Mitt Romney – Hopes The Are All This Easy
Romney has to be ecstatic with how this debate went. As the frontrunner in the national and New Hampshire polls, Romney was the candidate with the target on his back. In many ways Romney has Tim Pawlenty and CNN to thank for getting through the debate without getting roughed up. Pawlenty was given a softball question about healthcare and he failed to swing at it despite raising the issue days earlier by coining the phrase Obamneycare. Due to the way that CNN structured the debate, Pawlenty was the only one who could have made it an issue. He failed and nobody else was given the opportunity.
Tim Pawlenty – The Courage to Stand? Not Against Romney
If Tim Pawlenty is serious about winning the Republican nomination he needs to show some sort of willingness to differentiate himself from his opponents.
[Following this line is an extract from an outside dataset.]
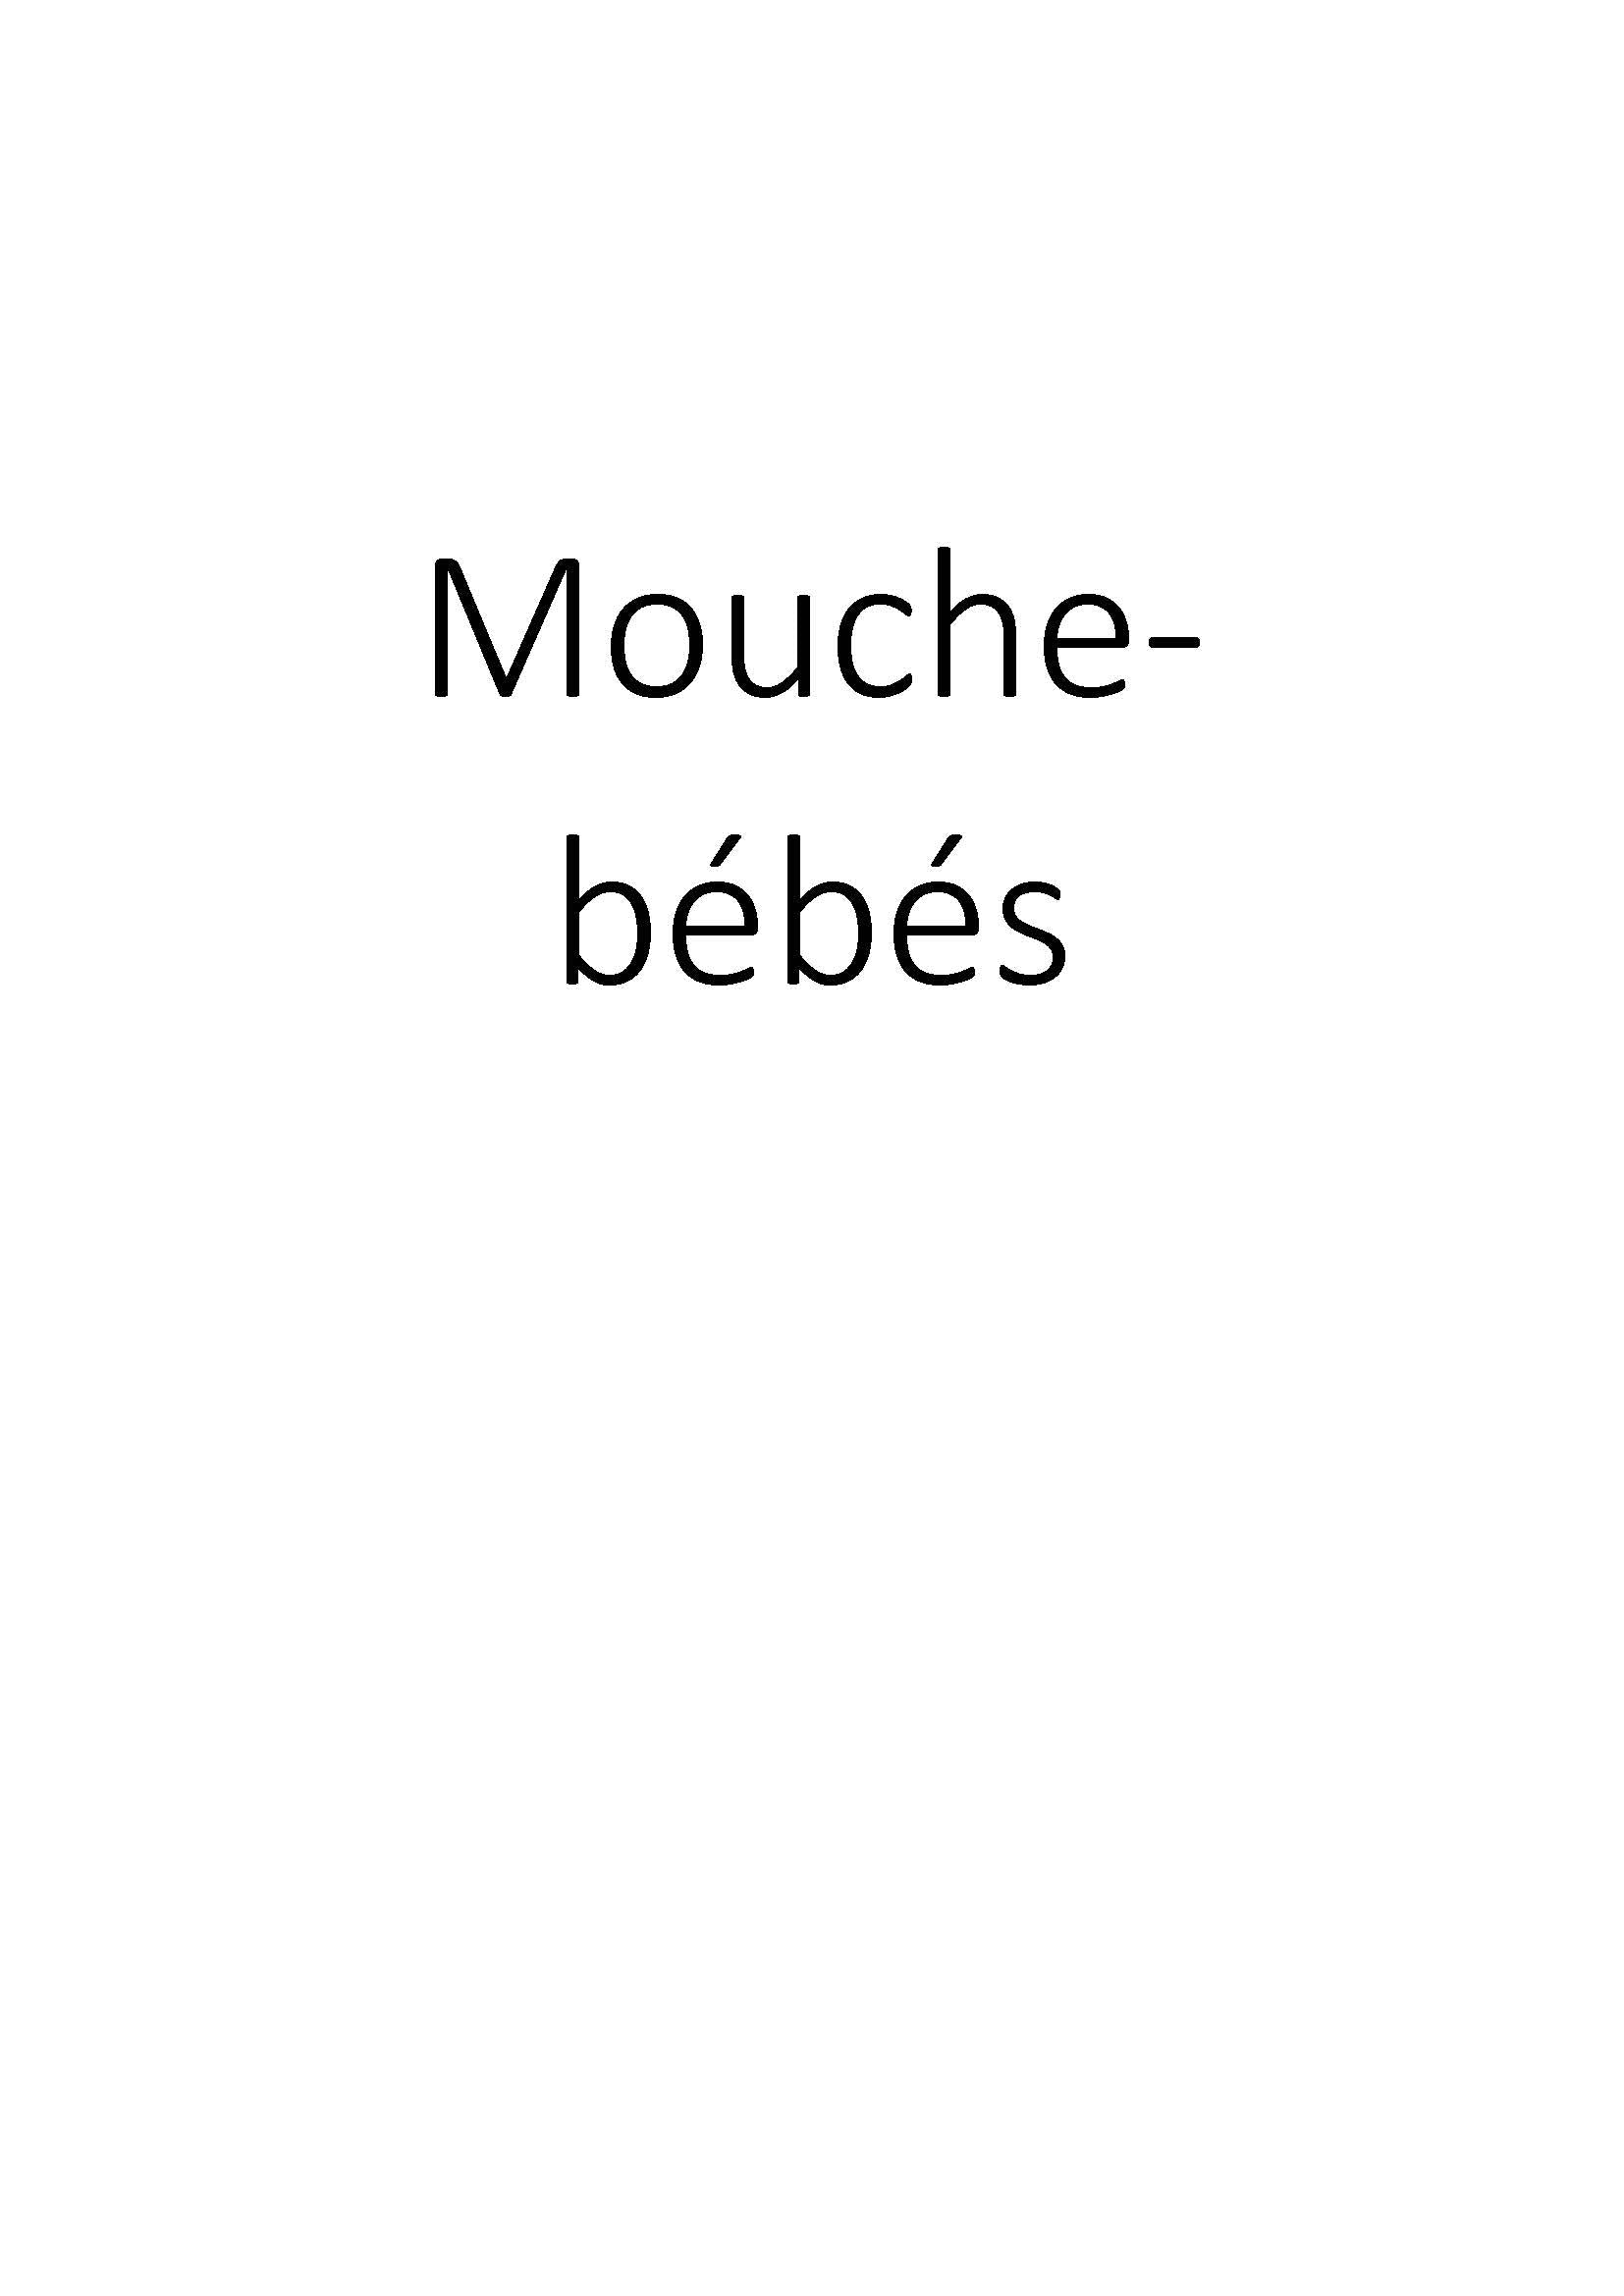 Mouche-bébés clicktofournisseur.com

If he can’t do that in a primary debate, then how can we expect him to do it against President Obama if he is the Republican nominee?
If I didn’t know better, I would have thought Pawlenty was the frontrunner in the race after watching him pass on almost every opportunity to set himself apart from the competition. The most fitting word to describe Pawlenty’s performance is weak. Pawlenty is averaging around 5.5 percent in the polls, which is in the back of the pack. If he wants to move those numbers, he needs to find a way to become more aggressive.
Rick Santorum – Solid Performance, But Overshadowed
Once again, Santorum delivered another solid debate performance. In a field of candidates that lacks another true social conservative with a history of results, Santorum has plenty of room to grow. During the debate he was given the opportunity to question Romney’s pro-life conversion. It had to be tempting, but Santorum rightfully avoided CNN’s desire to create a controversy.
Santorum showed that he was a full spectrum conservative by displaying a depth of knowledge on a number of subjects. The past two debates have helped him gain credibility with voters in the early primary and caucus states, but he’s still looking for an opportunity to break through the field, which didn’t happen last night. That might not be all that bad. Mike Huckabee didn’t surge until the fall.
Ron Paul – The Rules Do Not Apply
Ron Paul plays by his own set of rules. He always has and always will. His debate performance was very Ron Paul like. About 60 percent of it was great, while the other 40 percent made me scratch my head. The good news for Paul is that he didn’t have to spend time defending his previous statements in support of legalizing marijuana or prostitution. Most of my disagreement with the Texas Congressman came during the foreign policy segment of the debate. However, I do think Paul had one of the best lines of the debate. As others said that they would listen to the advice from the professionals in the military before making major decisions, Paul said, “I wouldn’t wait for my generals. I’m the commander in chief.” Good point. He seemed to be the only one on the state willing to use the entire power of the presidency to institute his policies.